Embodying Ecological Heritage in a Maya Community by Kristina Baines Pdf
Embodying Ecological Heritage in a Maya Community: Health, Happiness, and Identity provides an ethnographic account of life in a rural farming village in southern Belize, focusing on the connections between traditional ecological practices and the health and wellness of the Maya community living there. It discusses how complex histories, ecologies, and development practices are negotiated by individuals of all ages, and the community at large, detailing how they interact with their changing environments. The study has wide applicability for indigenous communities fighting for rights to manage their lands across the globe, as well as for considering how health is connected to heritage practices in communities worldwide.
Author : Jon C. Lohse Publisher : Cotsen Institute of Archaeology Press Page : 258 pages File Size : 53,6 Mb Release : 2013-12-31 Category : History ISBN : 9781938770463
Classic Maya Political Ecology by Jon C. Lohse Pdf
Data spanning the Archaic to Early Postclassic are presented, with particular analytical focus given to the end of the Early Classic through the Late and Terminal Classic and the geopolitical tumult that defined this period. Cast in the framework of political ecology, together these studies not only shed light on specific class histories of the region. They also advance a theory for understanding the contributions of non-elites to political growth and change over time. Classic Maya Political Ecology opens a window into pre-Columbian political processes grounded in environmental productivity and a mutual interdependence that defined class relations in northwestern Belize. This volume also outlines a theoretical approach that defines commoners and elites alike as political actors, people who contributed to the long term success and adaptability of local and regional political communities and the networks that sustained them.

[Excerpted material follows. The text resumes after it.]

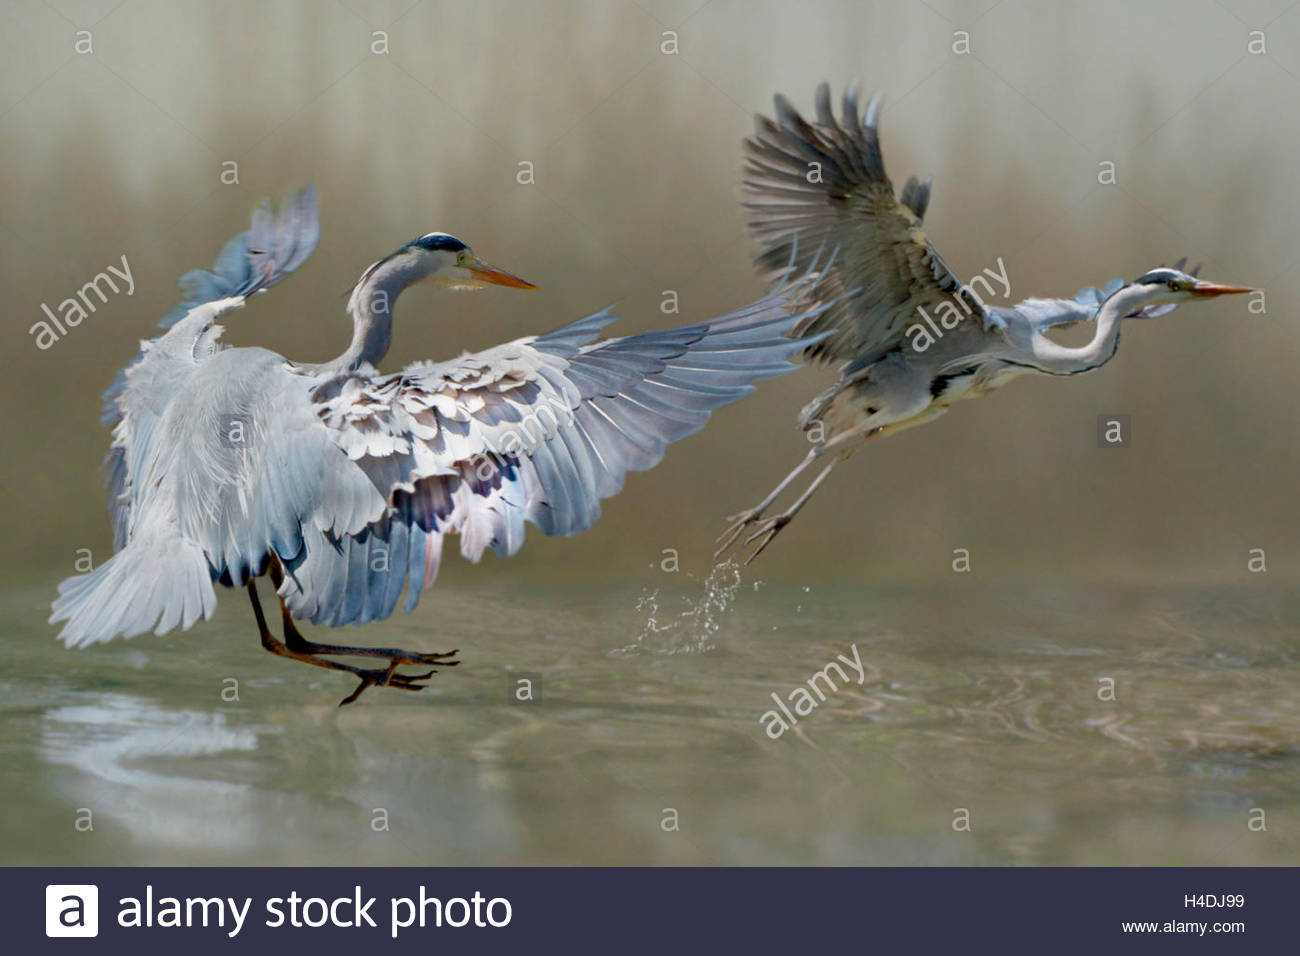 Grey heron, Ardea cinerea, common heron, fight, rival - Stock Image
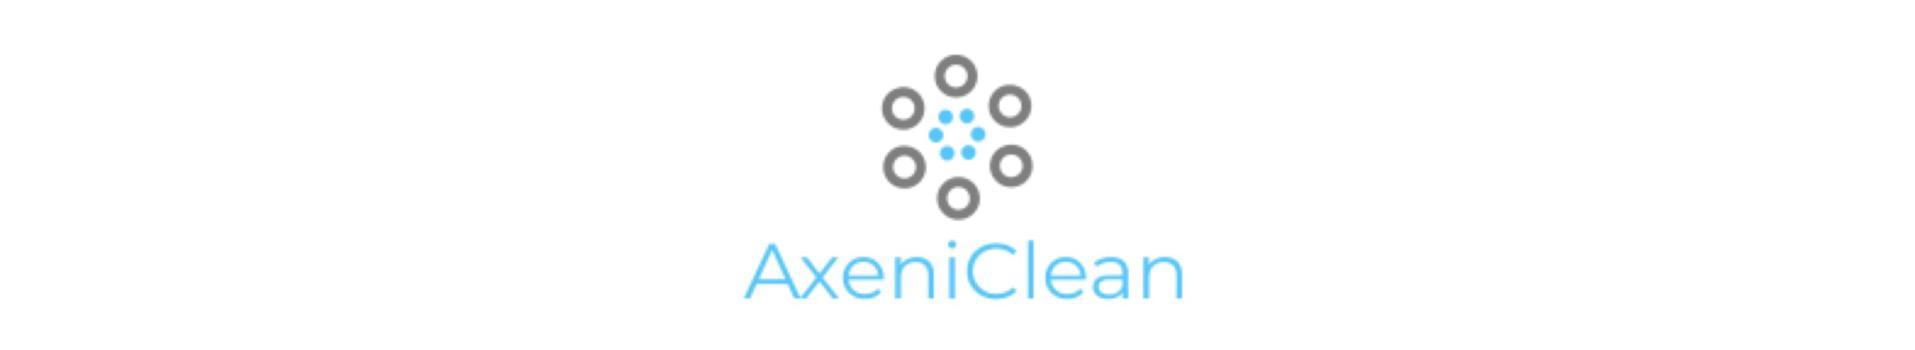 AxeniClean

Indigenous Geographies in the Yucatan by Miguel Sioui Pdf
This book is part of a broader attempt to decolonize colonial histories and understandings about Indigenous peoples and their relationships with their territories, and argues that the land ethos of "being part of the land," specifically among the Mayan community of Xuilub (Yucatan), Mexico, is guided by the cultural precept of 'responsibility-based' thinking. The work uniquely adds much needed insights into 'responsibility-based' thinking for land-use practices, and develops a theoretical framework for assessing historical impacts on Indigenous cultures and livelihoods. In six chapters, the text bridges Western and Indigenous Knowledge (IK) approaches to achieve deeper understanding of IKs, focusing on more Indigenous-centered methods, with the goal of expanding the disciplinary perspectives of postcolonial scholarship and Indigenous geographies. The book contains useful information for environmental planning/management scholars and geographers who may not be familiar with Indigenous approaches to land-use, and to Indigenous geographers working to bridge Western and Indigenous methodologies.
Plants and Health by Elizabeth Anne Olson,John Richard Stepp Pdf
This volume showcases current ethnobiological accounts of the ways that people use plants to promote human health and well-being. The goal in this volume is to highlight some contemporary examples of how plants are central to various aspects of healthy environments and healthy minds and bodies. Authors employ diverse analytic frameworks, including: interpretive and constructivist, cognitive, political-ecological, systems theory, phenomenological, and critical studies of the relationship between humans, plants and the environment. The case studies represent a wide geographical range and explore the diversity in the health appeals of plants and herbs. The volume begins by considering how plants may intrinsically be ‘healthful’ and the notion that ecosystem health may be a literal concept used in contemporary efforts to increase awareness of environmental degradation. The book continues with the exploration of the ways in which medically-pluralistic societies demonstrate the entanglements between the environment, the state and its citizens. Profit driven models for the extraction and production of medicinal plant products are explored in terms of health equity and sovereignty. Some of the chapters in this volume work to explore medicinal plant knowledge and the globalization of medicinal plant knowledge. The translocal and global networks of medicinal plant knowledge are pivotal to productions of medicinal and herbal plant remedies that are used by people in all variety of societies and cultural groups. Humans produce health through various means and interact with our environments, especially plants, in order to promote health. The ethnographic accounts of people, plants, and health in this volume will be of interest to the fields of anthropology, biology and ethnobiology, as well as allied disciplines.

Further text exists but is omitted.